The penalty is thought to be the biggest handed down under the Resource Management Act.
Kenneth Thurston was found guilty on five charges of discharging milky-white wastewater with a "distinctive meaty smell" from Mainland Meats, at Longburn, into the Manawatu River in 2006.
He was also convicted on three charges of discharging effluent from a dairy shed on to land in 2007 and 2008.
The offending was described as calculated, cynical and deliberate, motivated by the costs Thurston was facing to lawfully dispose of the waste.
Judge Brian Dwyer sentenced Thurston in Palmerston North District Court yesterday.
Thurston and his company, Tawera Land Co Ltd, were ordered to pay $183,900 in fines and investigation costs. The maximum available penalty was a $200,000 fine or two years' imprisonment.
At his trial in February, Thurston, who defended himself, offered to drink the waste water to prove he was not polluting the environment, but the offer was declined.
Thurston could not be contacted last night.
Horizons chief executive Michael McCartney condemned Thurston's actions and welcomed the court's decision.

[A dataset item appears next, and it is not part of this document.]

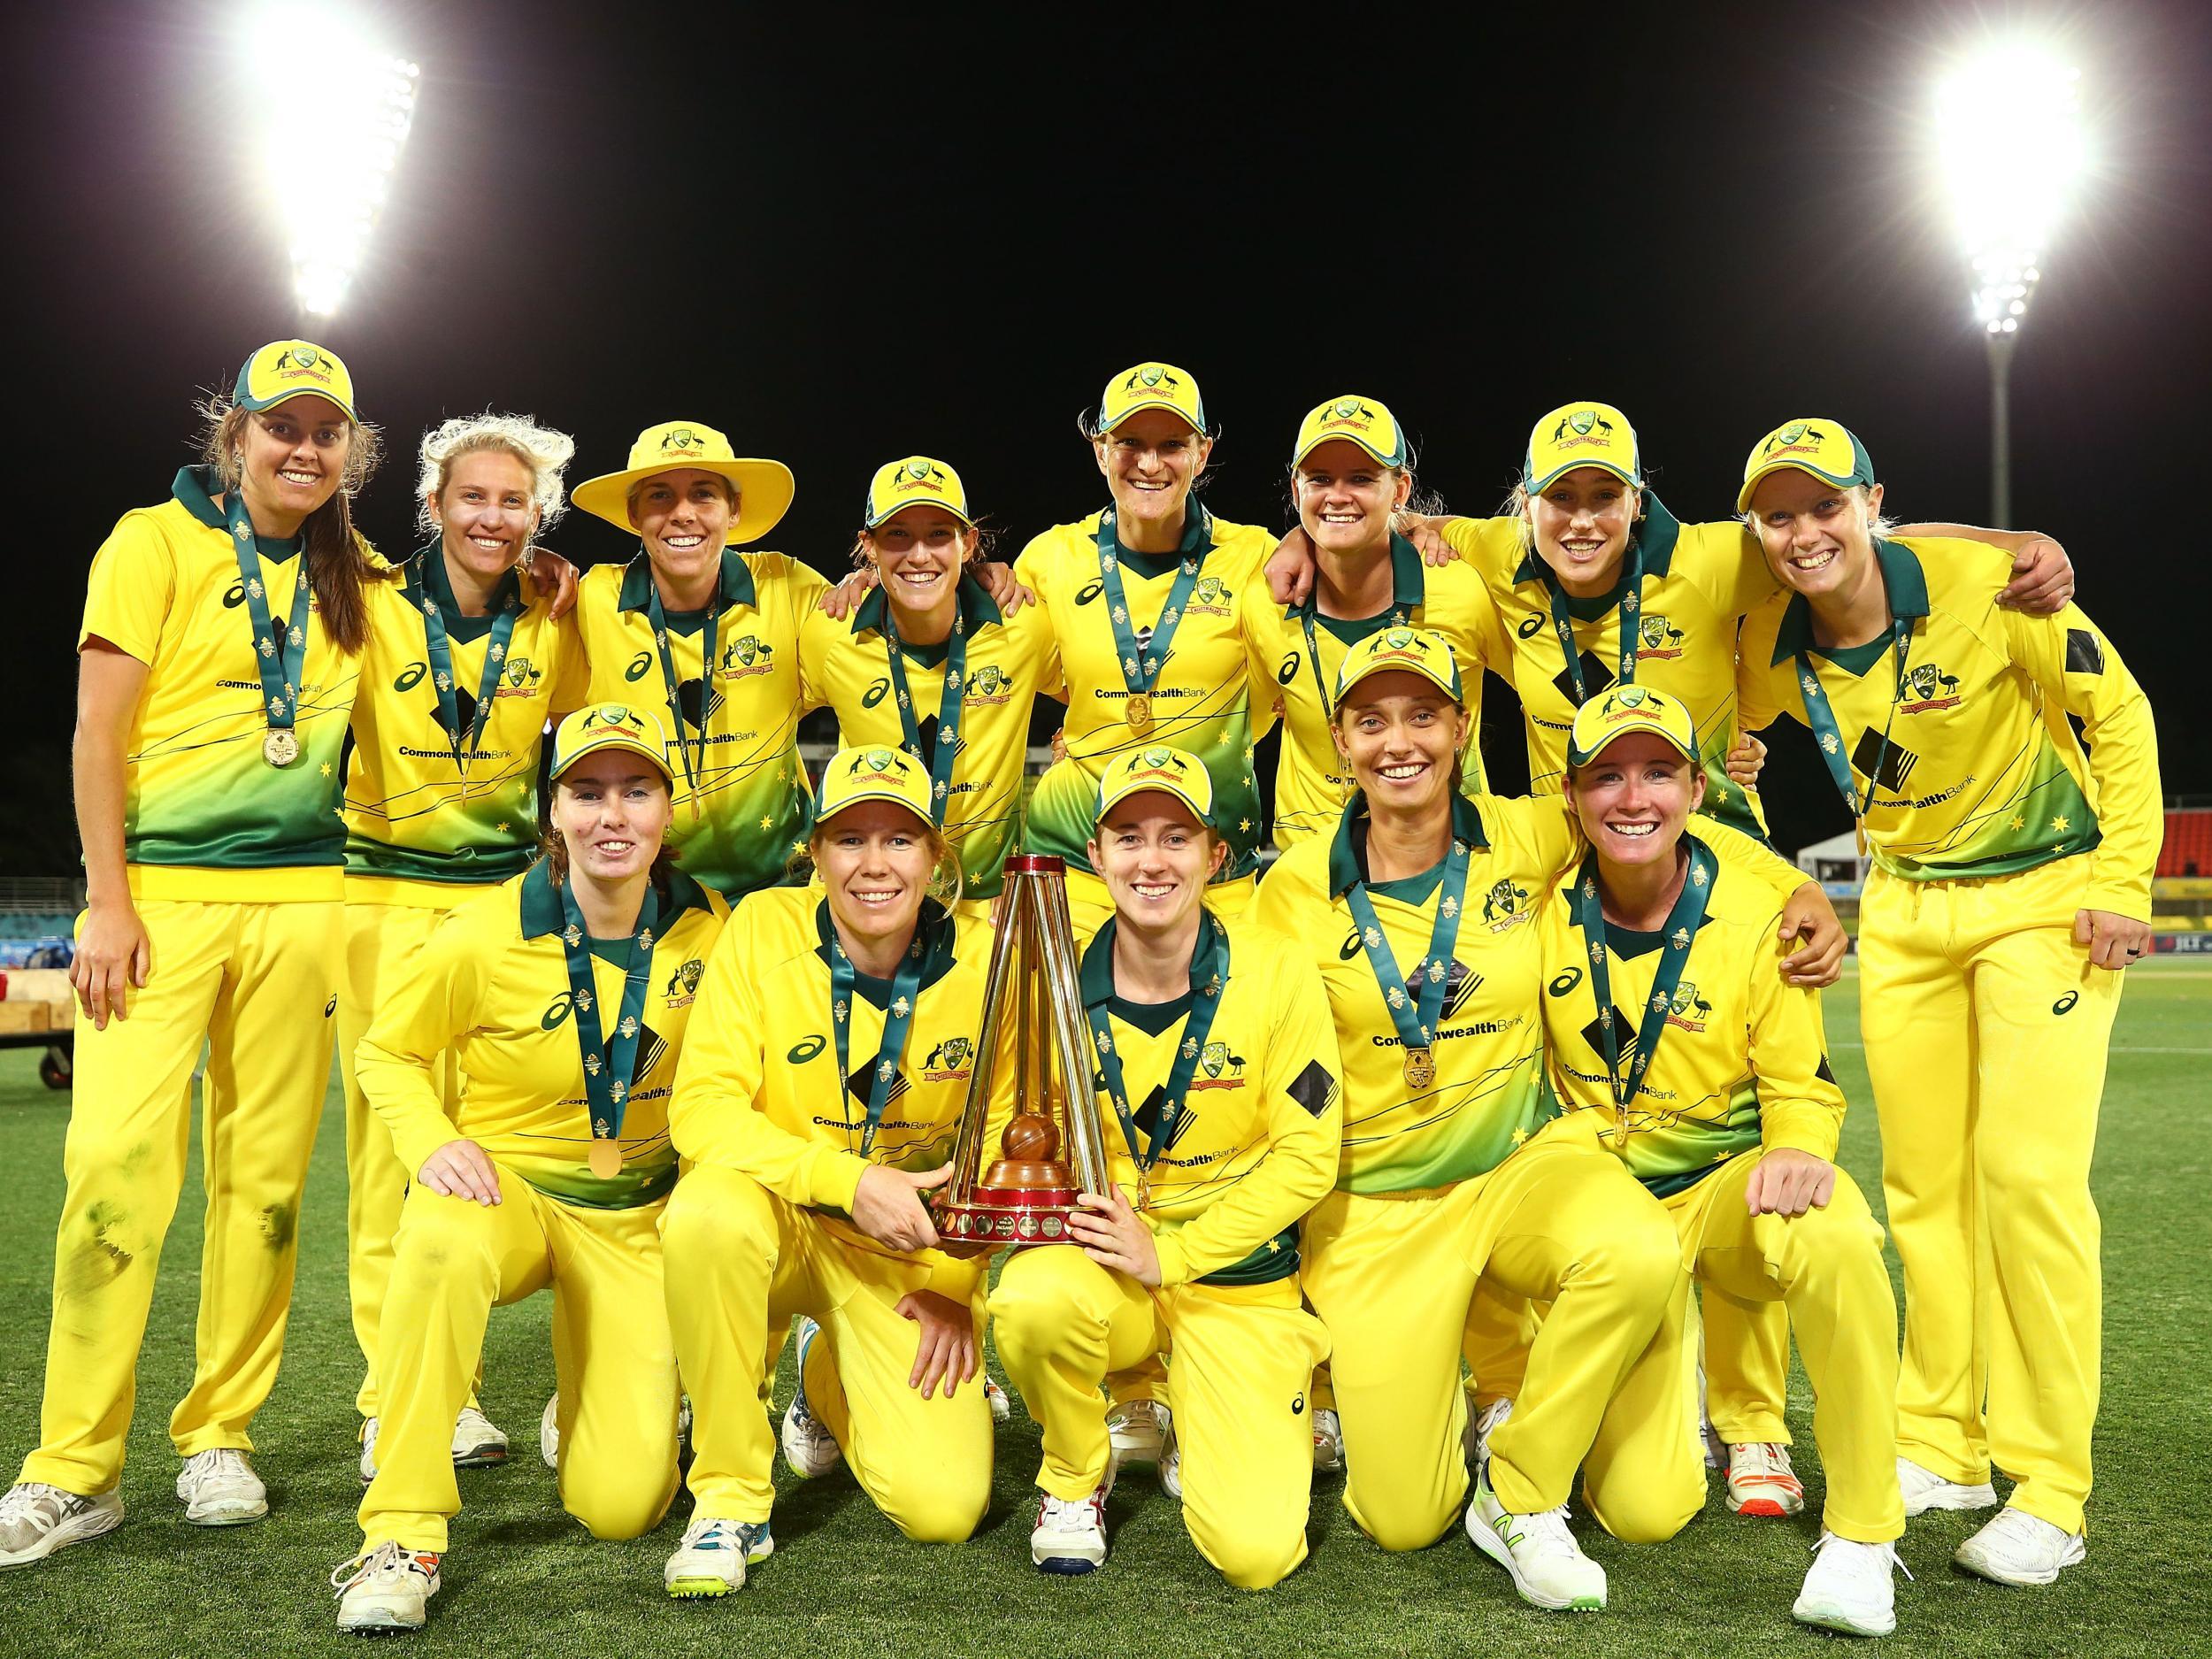 Women's cricket has made great strides in T20
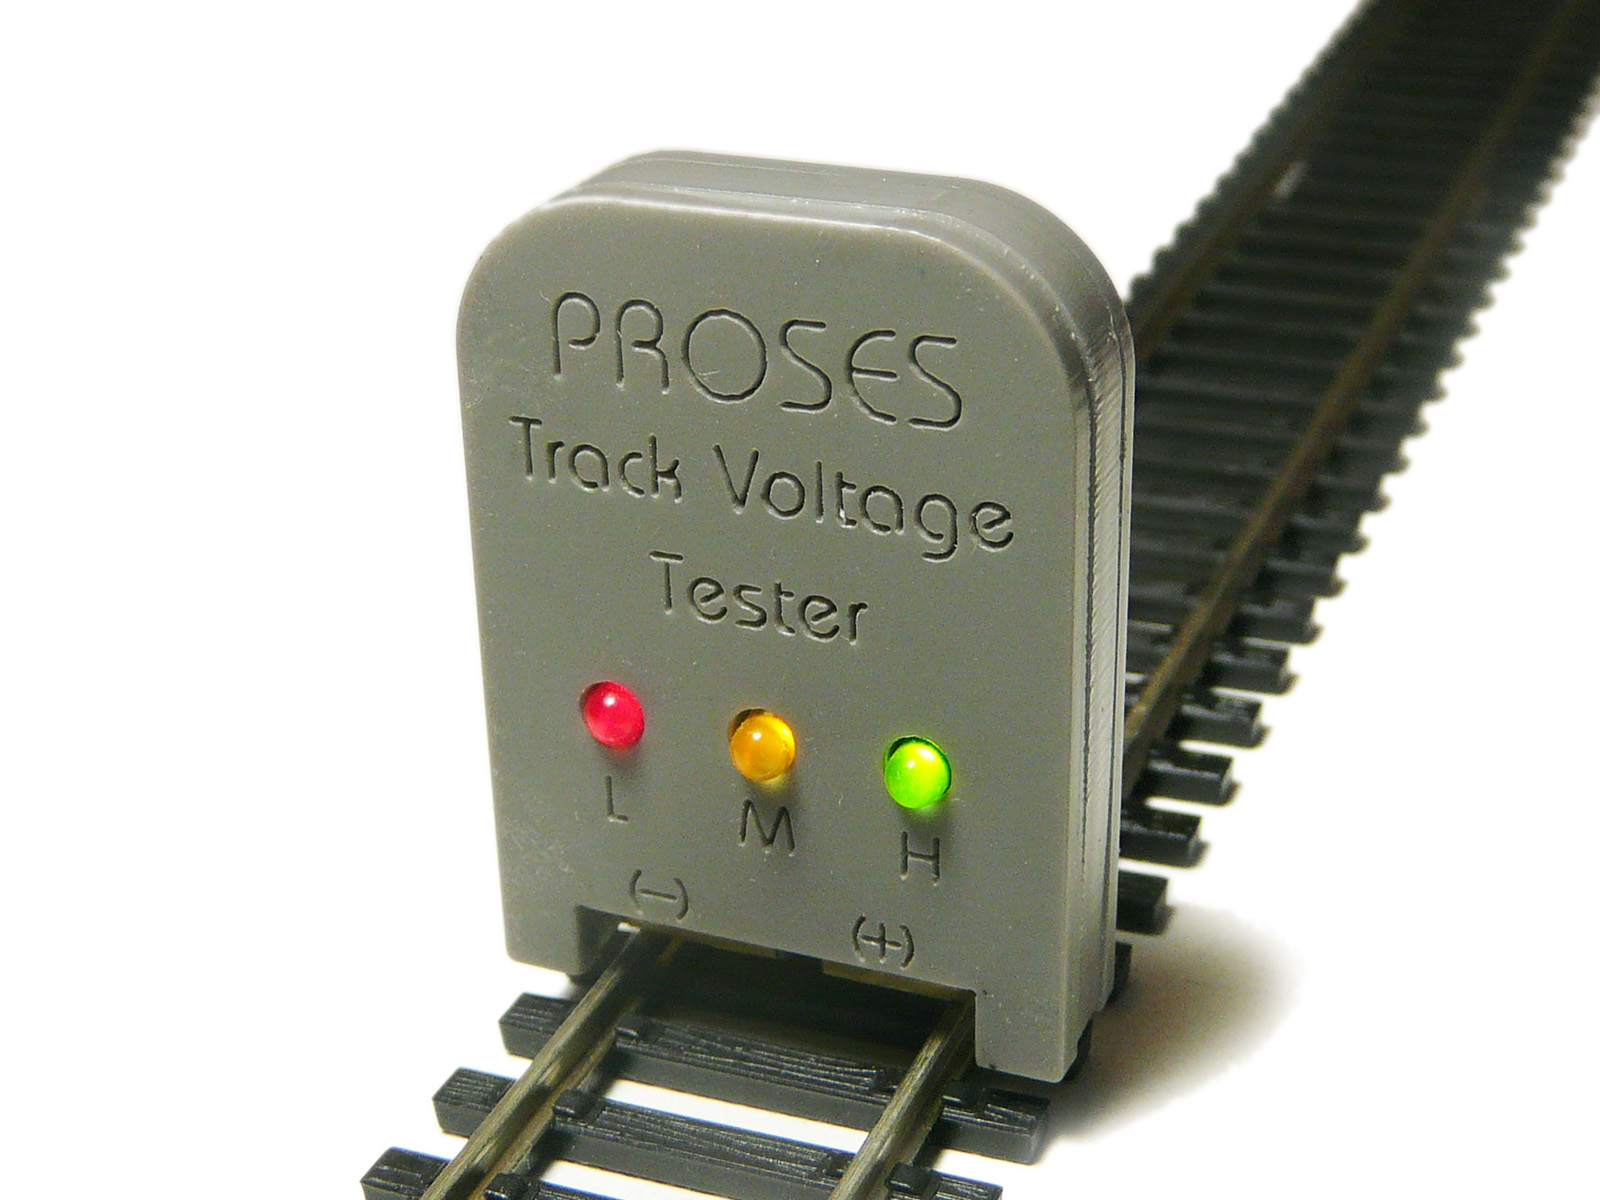 Track Voltage Tester On30/HO/N Scales

"He was discharging meat contaminants straight into the waterway and he couldn't care less about the people he affected. This kind of behaviour deserves the level of punishment that Judge Dwyer delivered."
Mr McCartney said the offending was completely intentional and showed a blatant disregard for the environment.
Horizons senior investigator Greg Bevin said the judge recognised Thurston had attempted to mislead council staff, who found evidence of substantial fatty orange residues at a drain edge and on plants.
"In my experience this would definitely be the worst example of a business owner's breach of the Resource Management Act in our region and is certainly at the top of the environmental offending scale."
Last year the army launched an investigation into whether soldiers were exposed to cancer-causing asbestos after a training exercise near a dilapidated building on Thurston's Longburn property.
The building should have been demolished by council order nine months before the army exercises.
In November, Waikato company Wallace Corporation and two of its employees were fined more than $120,000 for illegally dumping toxic waste at a building site near Morrinsville.
Exide Technologies was fined $30,000 in June 2007 for breaching lead emission limits at its Petone battery-recycling plant its second resource consent breach.